Exercise aim |
Quote these lines exactly: the one that holds "Sickness Absence Support Pack" and every line after it to the end of the material below. Skip pictures.

+---+

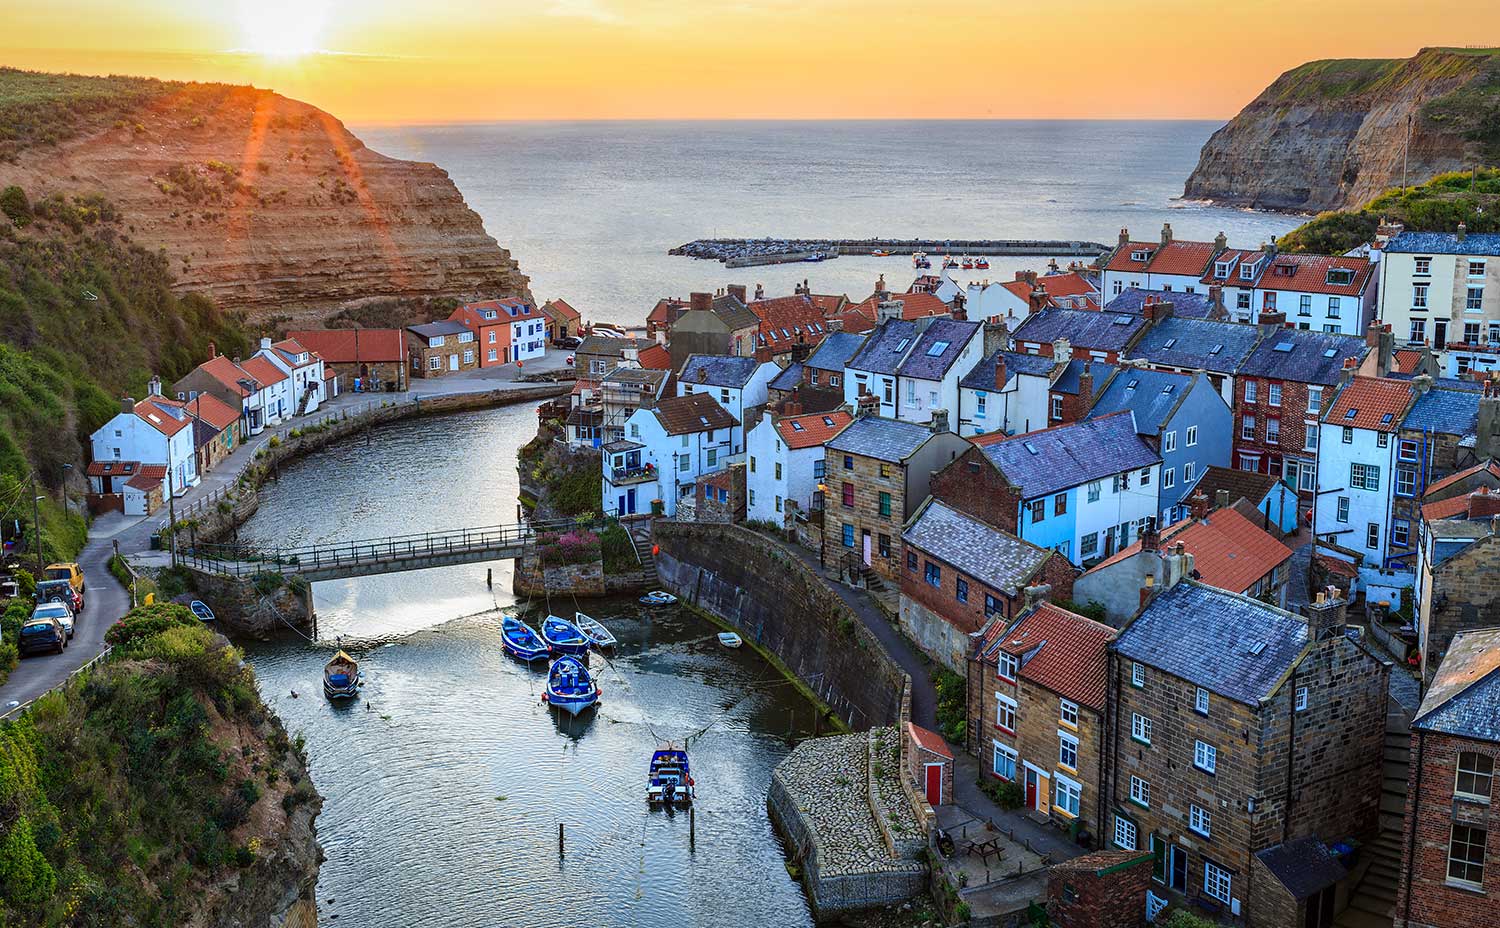 Staithes, A Stunning Little Seaside Town Close To Whitby
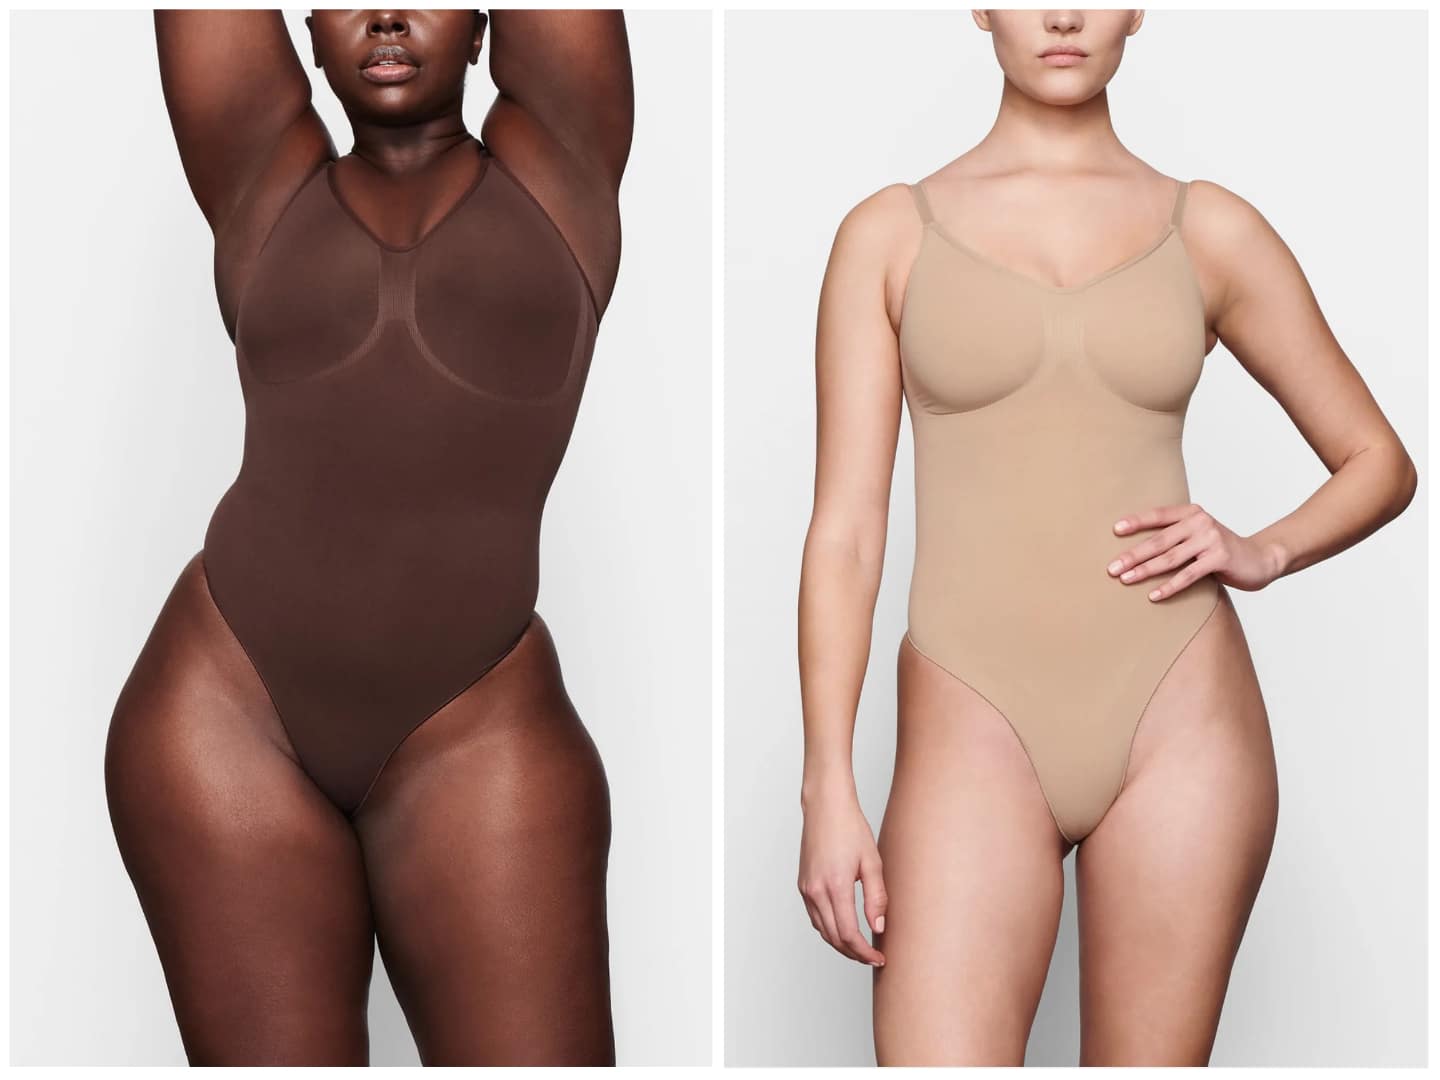 The brand is widening the vagina area of the bodysuit. (Skims)
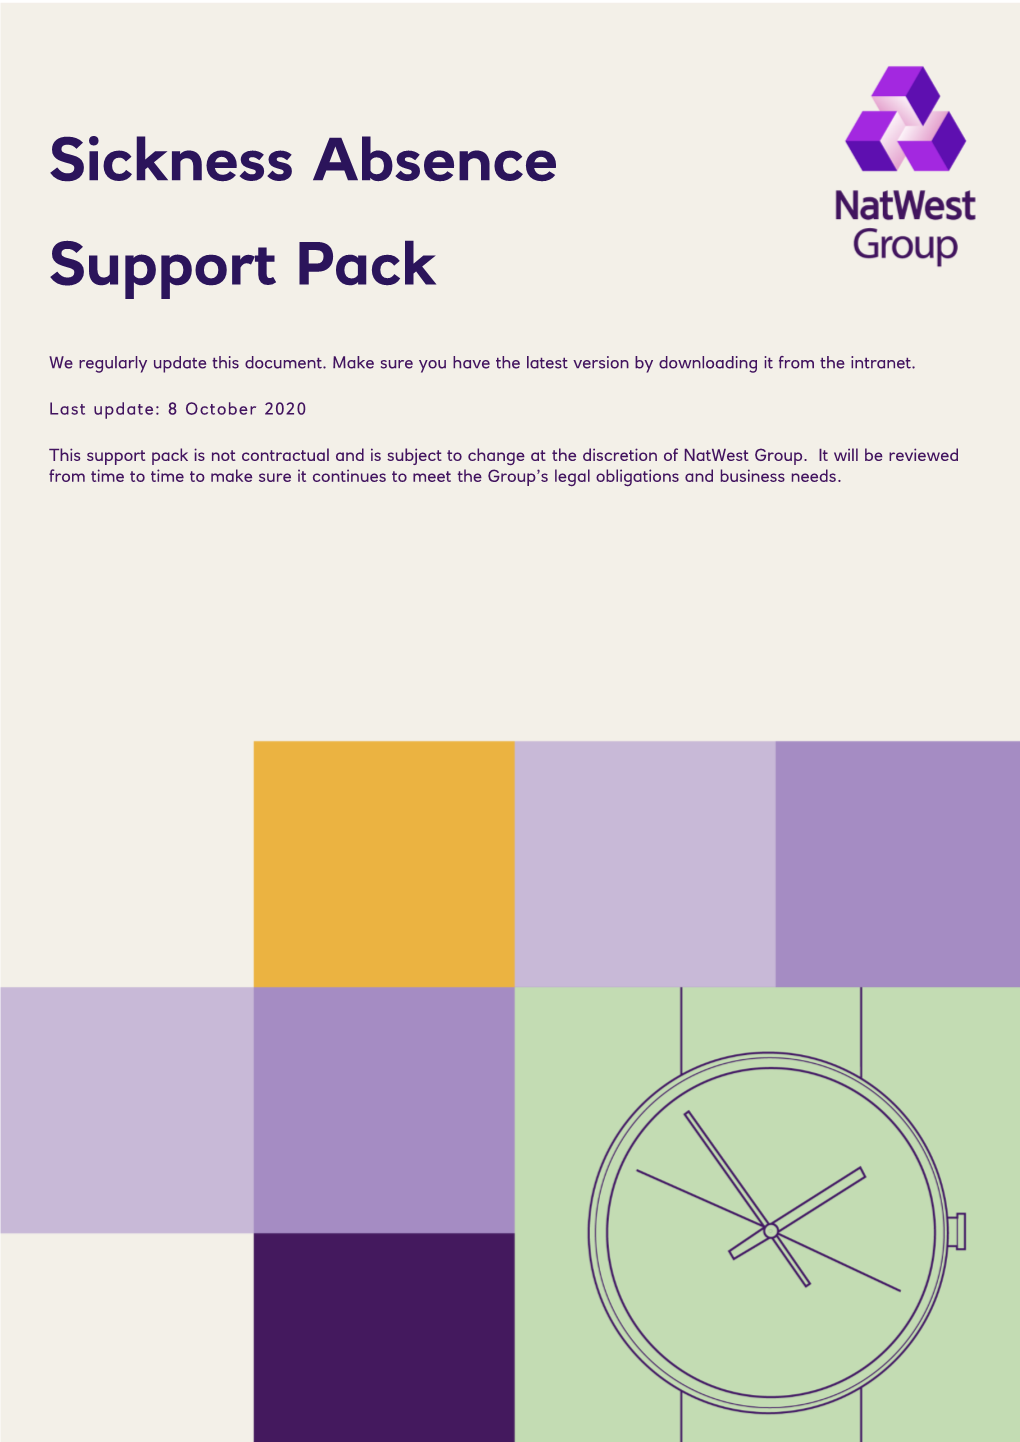 Sickness Absence Support Pack
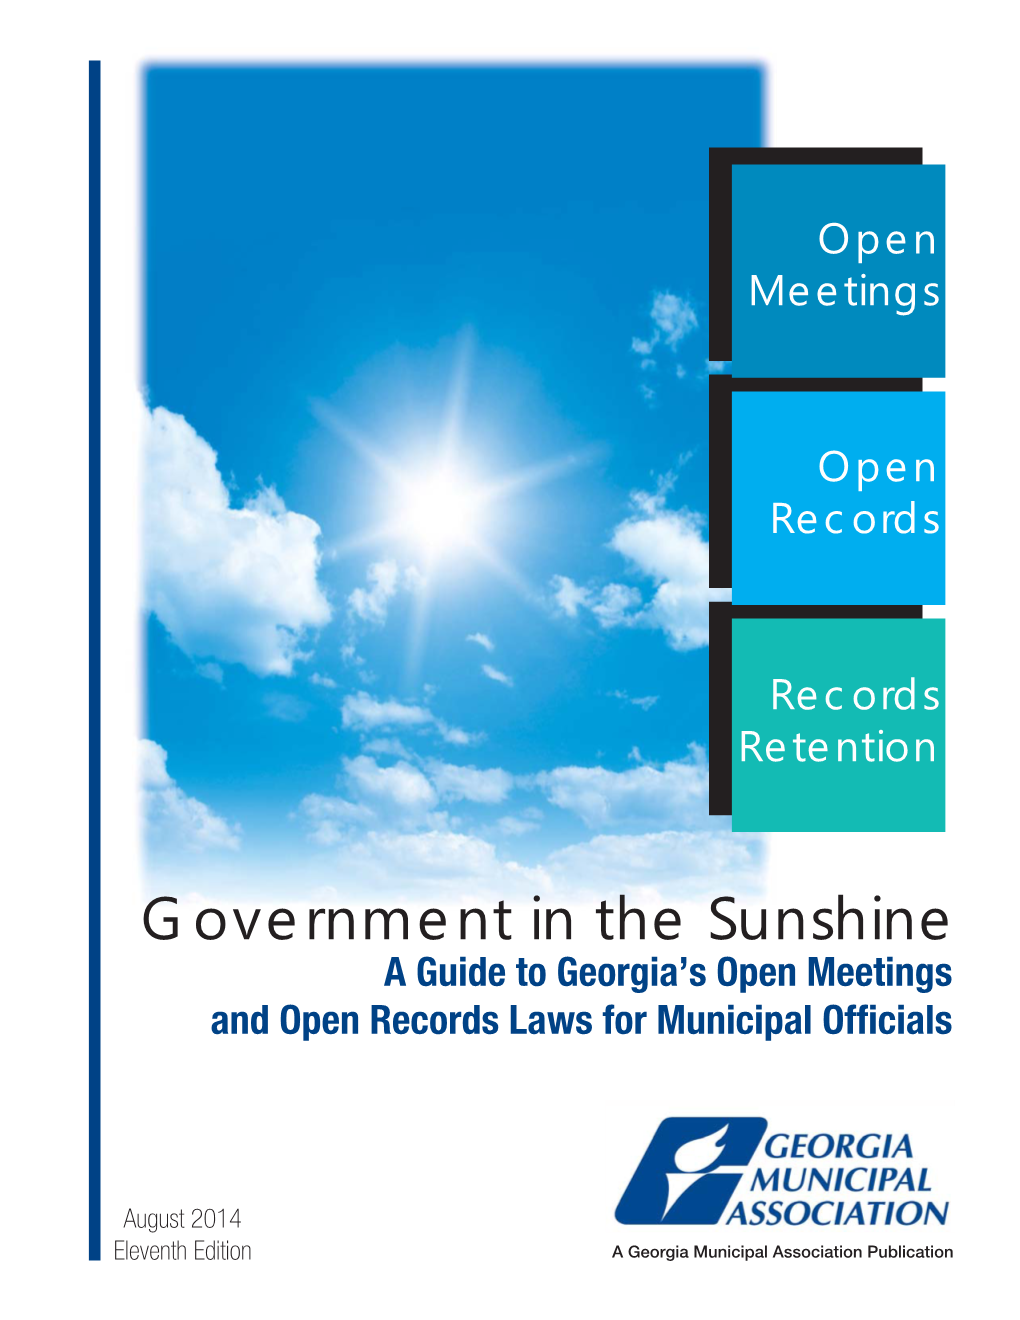 Government in the Sunshine a Guide to Georgia’S Open Meetings and Open Records Laws for Municipal Ofﬁcials
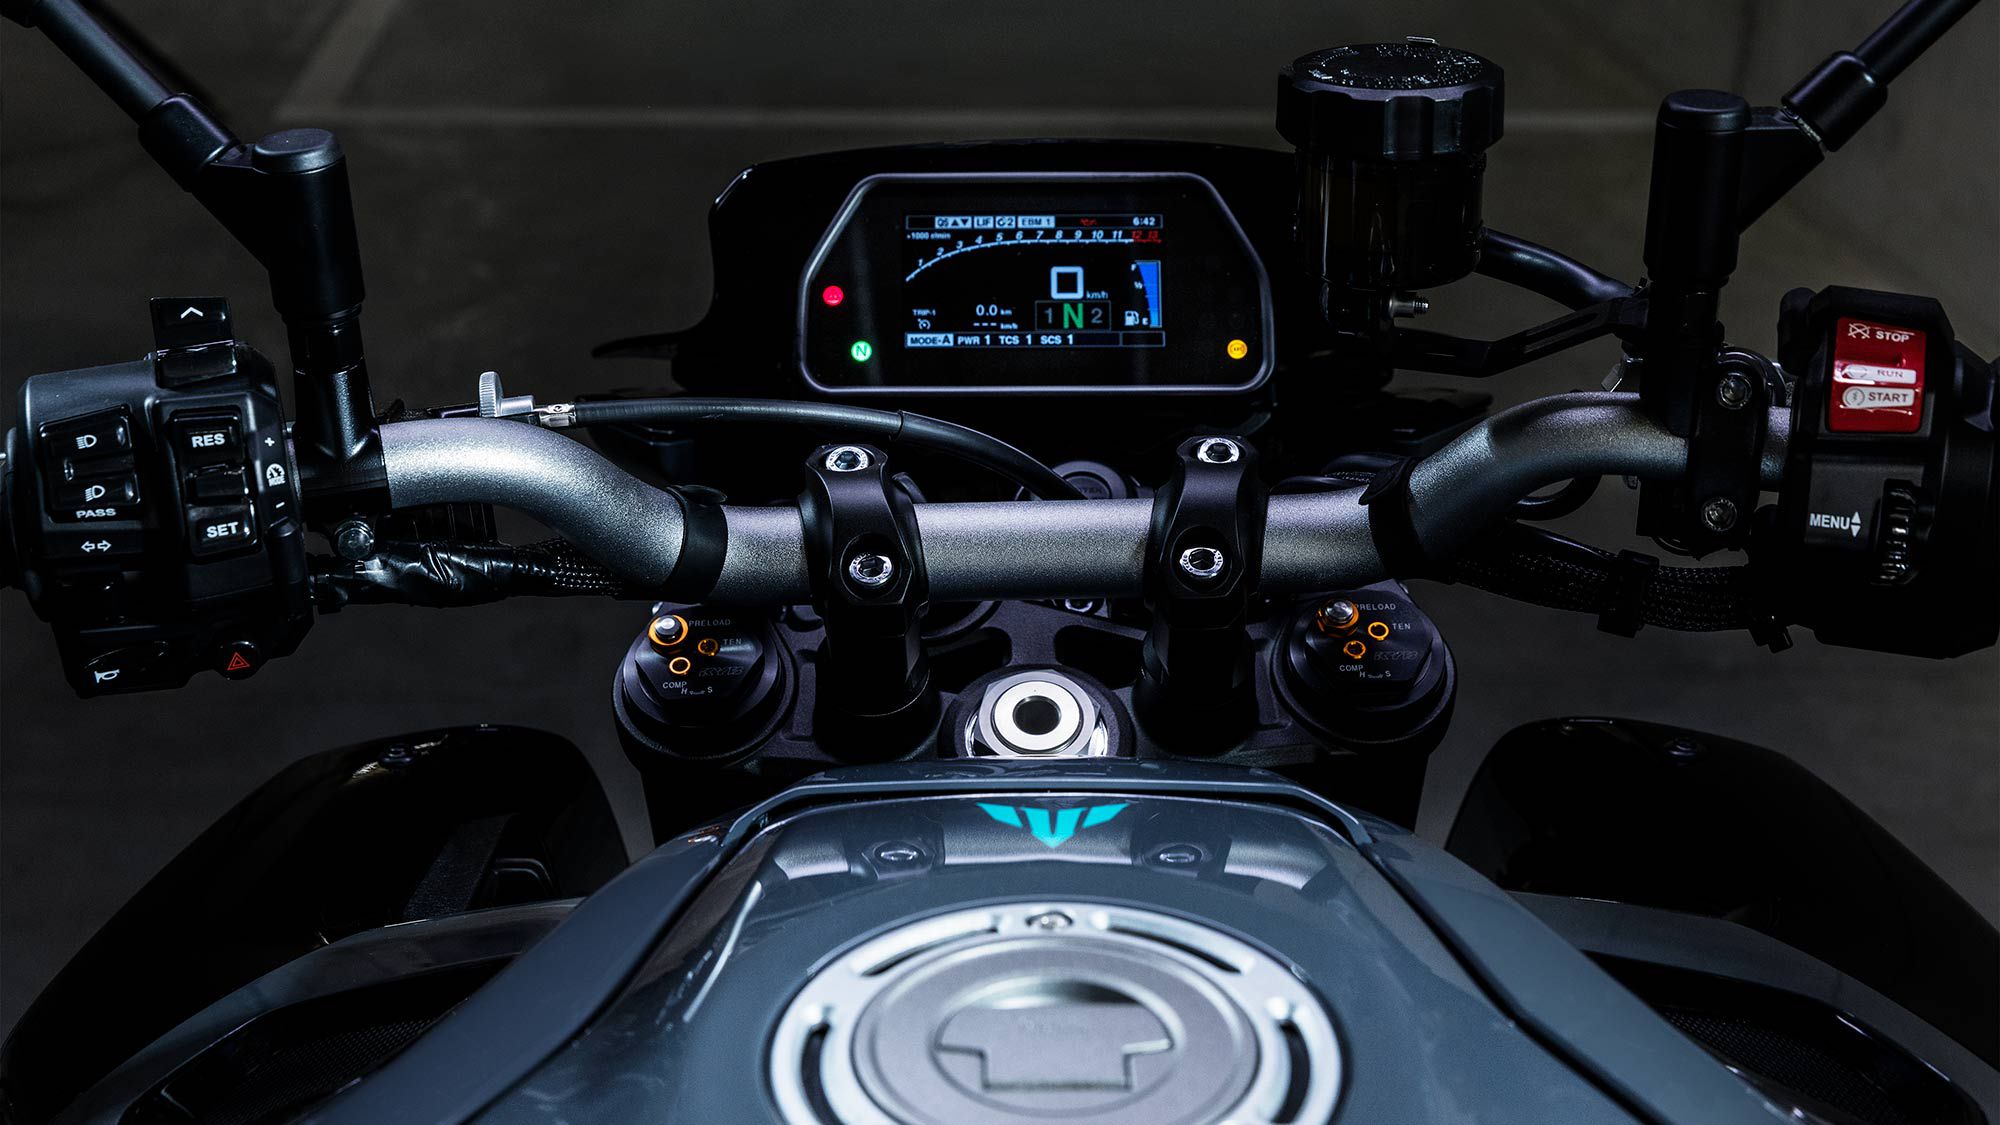 The biggest and most obvious change between the SP and the standard model tested is the second-generation Öhlins electronic suspension, now linked to the six-axis IMU. There will be three semi-active and three manual suspension modes to choose from.

+---+

Answer to the problem |
 Sickness Absence Support Pack
 Government in the Sunshine a Guide to Georgia’S Open Meetings and Open Records Laws for Municipal Ofﬁcials
 The biggest and most obvious change between the SP and the standard model tested is the second-generation Öhlins electronic suspension, now linked to the six-axis IMU. There will be three semi-active and three manual suspension modes to choose from.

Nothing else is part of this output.